Abstract:Fully test-time adaptation aims to adapt a network model online based on sequential analysis of input samples during the inference stage. We observe that, when applying a transformer network model into a new domain, the self-attention profiles of image samples in the target domain deviate significantly from those in the source domain, which results in large performance degradation during domain changes. To address this important issue, we propose a new structure for the self-attention modules in the transformer. Specifically, we incorporate three domain-conditioning vectors, called domain conditioners, into the query, key, and value components of the self-attention module. We learn a network to generate these three domain conditioners from the class token at each transformer network layer. We find that, during fully online test-time adaptation, these domain conditioners at each transform network layer are able to gradually remove the impact of domain shift and largely recover the original self-attention profile. Our extensive experimental results demonstrate that the proposed domain-conditioned transformer significantly improves the online fully test-time domain adaptation performance and outperforms existing state-of-the-art methods by large margins.
What problem does this paper attempt to address?

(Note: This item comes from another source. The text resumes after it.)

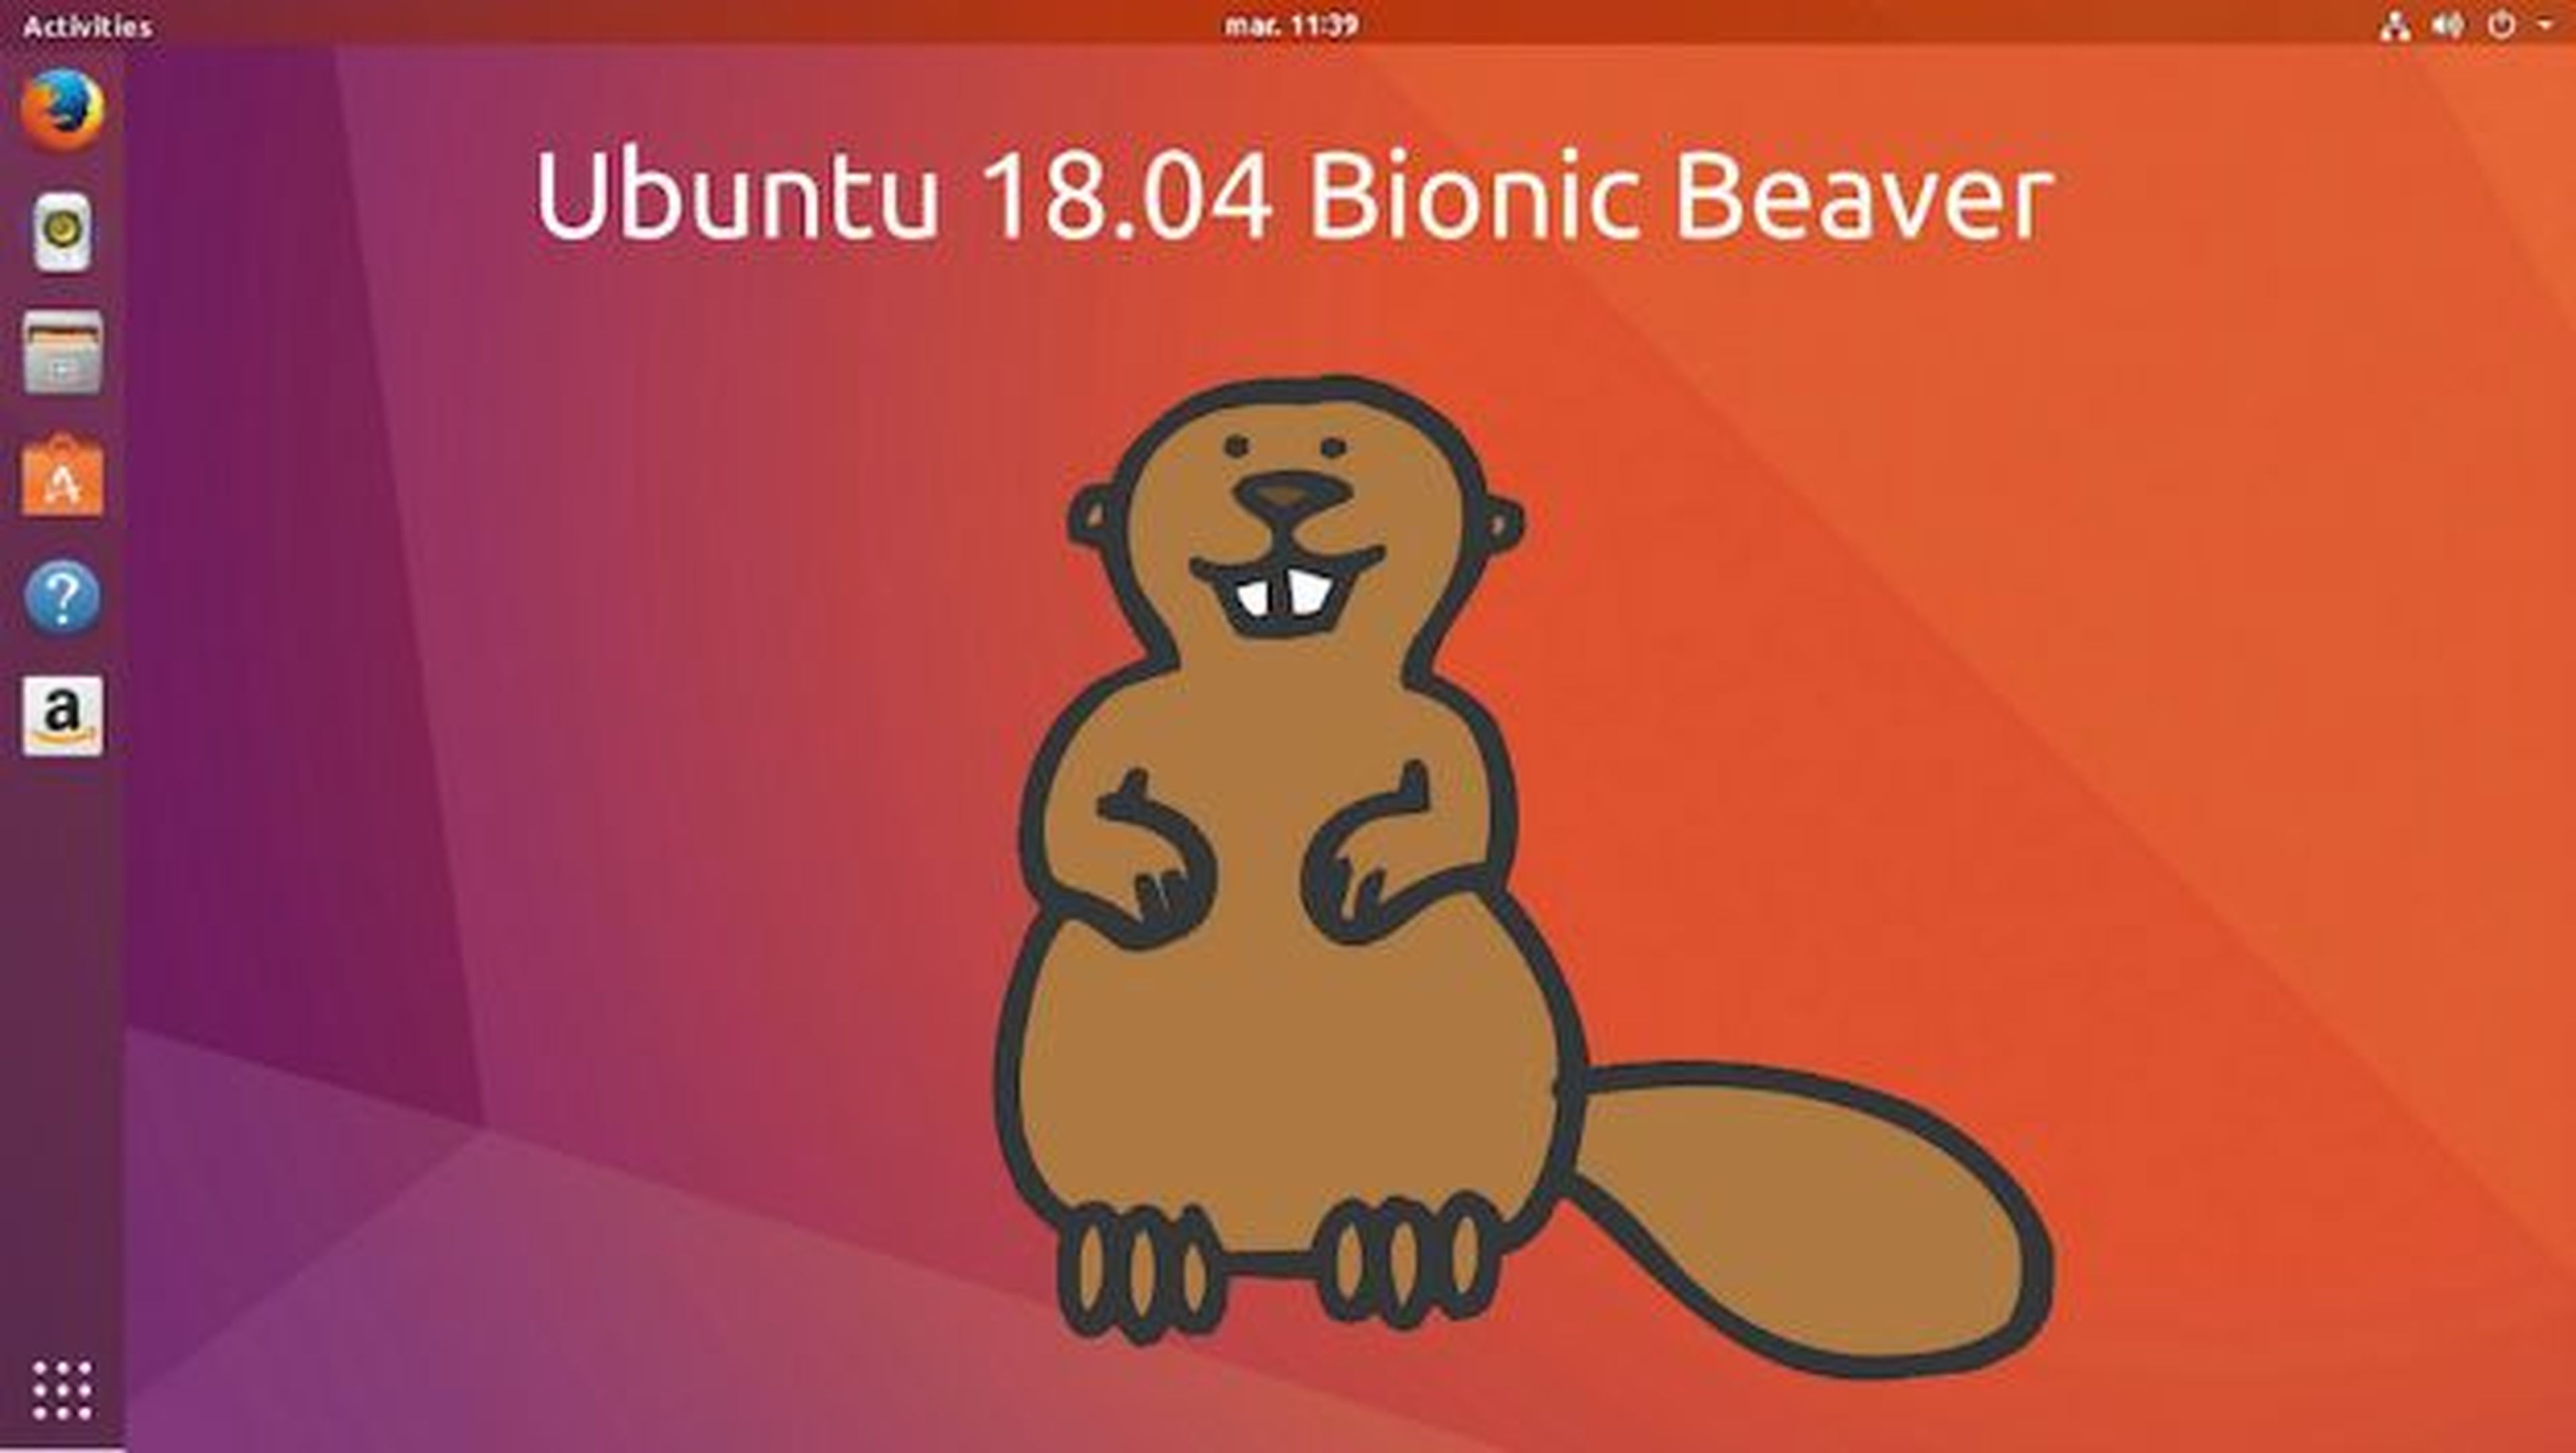 La privacidad de Ubuntu 18.04 permite al sistema recopilar información sobre el usuario.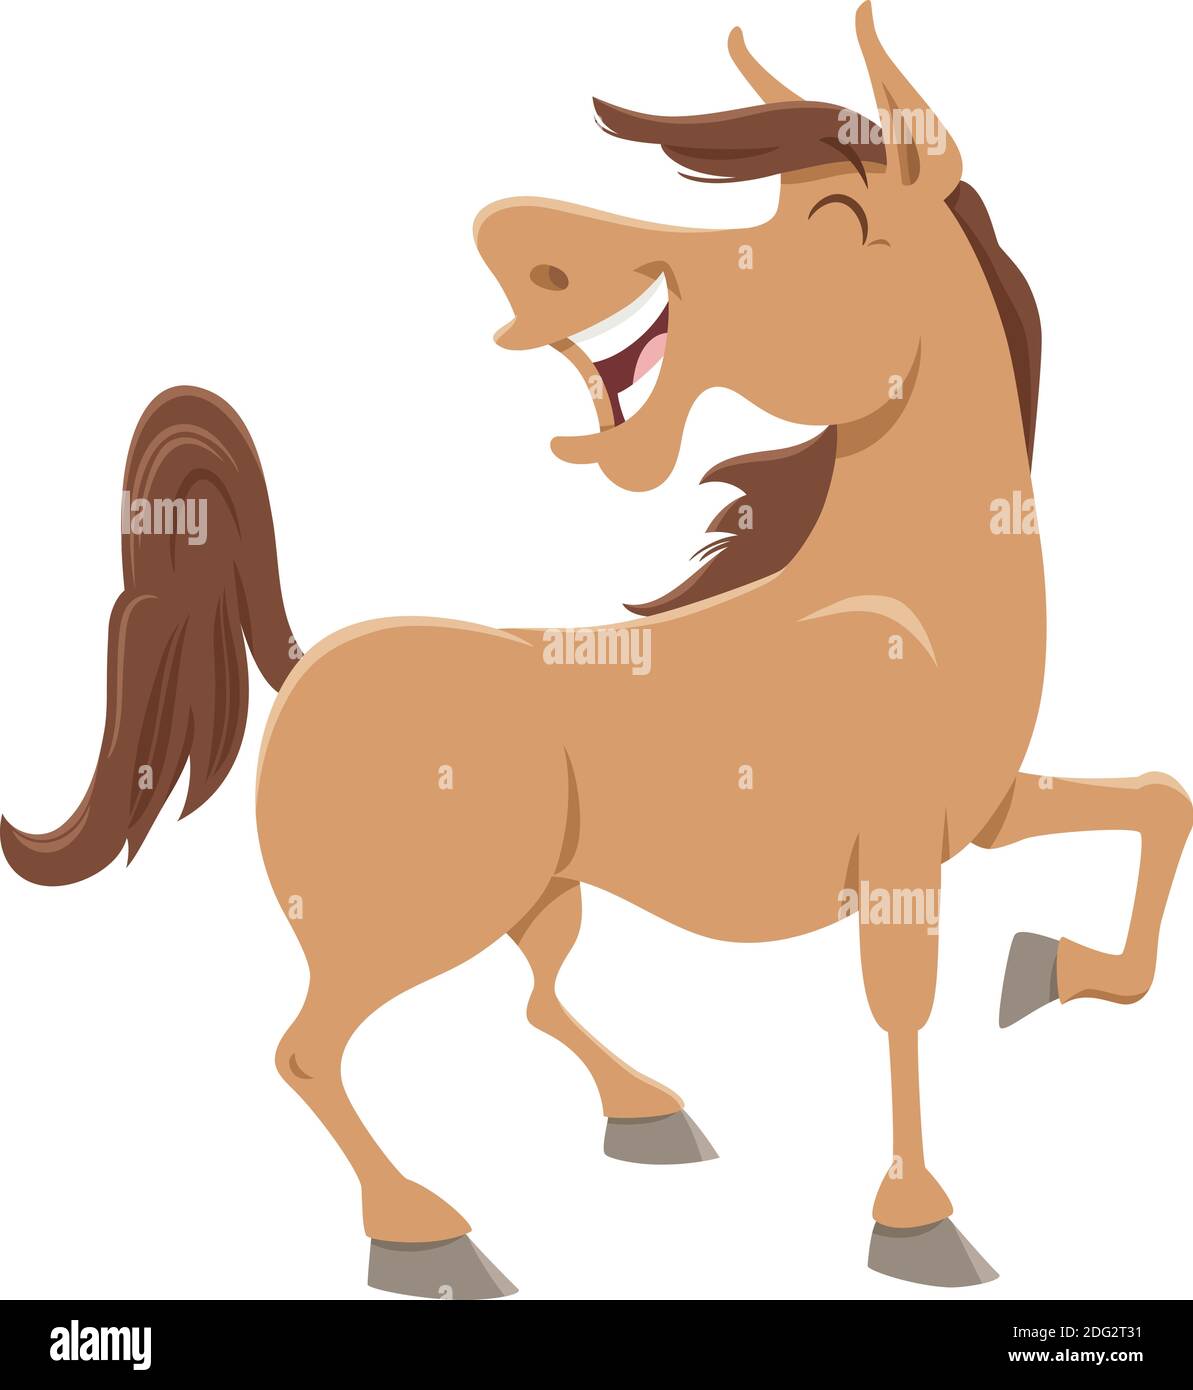 Illustration de dessin animé de drôle de ferme de cheval animal personnage de bande dessinée Illustration de Vecteur

The problem that this paper attempts to solve is in fully test - time adaptation (FTTA), when applying pre - trained Transformer models to new target domains, the significant performance degradation problem caused by the data distribution differences between the source domain and the target domain. Specifically, the author observes that when applying the Transformer network model to a new domain, the self - attention distribution of the target - domain image samples has a significant deviation compared to the source domain, which leads to a large performance drop during domain changes.
To solve this problem, the author proposes a new structure - **Domain - Conditioned Transformer (DCT)**, by introducing three domain condition vectors (domain conditioners) and adding them to the query, key, and value components of the self - attention module respectively. These domain condition vectors aim to capture domain - specific perturbation information and remove these perturbations layer by layer, thereby gradually restoring the original self - attention distribution and improving the model's adaptability on the new domain.
### Specific Problem Description
1. **Domain Transfer Problem**: When the Transformer model is transferred from the source domain to the target domain, due to the change in data distribution, the model's self - attention mechanism will be perturbed, resulting in performance degradation.
2. **Online Adaptation Challenge**: It is necessary to adjust the model online to adapt to the data distribution of the target domain without the source - domain data, and this adaptation is carried out in real - time, that is, relying only on the current mini - batch test samples each time.
### Solution
The Domain - Conditioned Transformer (DCT) proposed by the author mainly solves the problem in the following ways:
- **Introducing Domain Condition Vectors**: In each Transformer layer, three domain condition vectors (\[C_q, C_k, C_v\]) are introduced, and these vectors are generated by a lightweight neural network (called the domain - condition generator \(\Phi_l\)) according to the class token.
- **Removing Domain Shifts Layer by Layer**: By introducing domain condition vectors in each Transformer layer, the influence of domain shifts is gradually removed and the original self - attention distribution is restored.
- **Online Learning**: The domain - condition generator is continuously updated during the testing process to ensure that the model can adapt to the data distribution of the target domain in real - time.
### Experimental Results
The experimental results show that the proposed DCT method significantly improves the performance of domain adaptation during online testing and outperforms the existing state - of - the - art methods on multiple benchmark datasets.
### Formula Summary
- The output matrix of the self - attention mechanism is defined as:
\[
\text{Attention}(Q, K, V)=\text{softmax}\left(\frac{QK^{\top}}{\sqrt{d}}\right)V
\]
- The self - attention mechanism after introducing domain condition vectors:
\[
\bar{Q}=\begin{bmatrix}Q\\C_q\end{bmatrix}, \quad \bar{K}=\begin{bmatrix}K\\C_k\end{bmatrix}, \quad \bar{V}=\begin{bmatrix}V\\C_v\end{bmatrix}
\]
\[
\text{Attention}(\bar{Q}, \bar{K}, \bar{V})=\text{softmax}\left(\frac{\bar{Q}\bar{K}^{\top}}{\sqrt{d}}\right)\bar{V}
\]
Through these improvements, DCT can effectively adapt to new target domains during fully online testing and maintain and improve the performance of the model.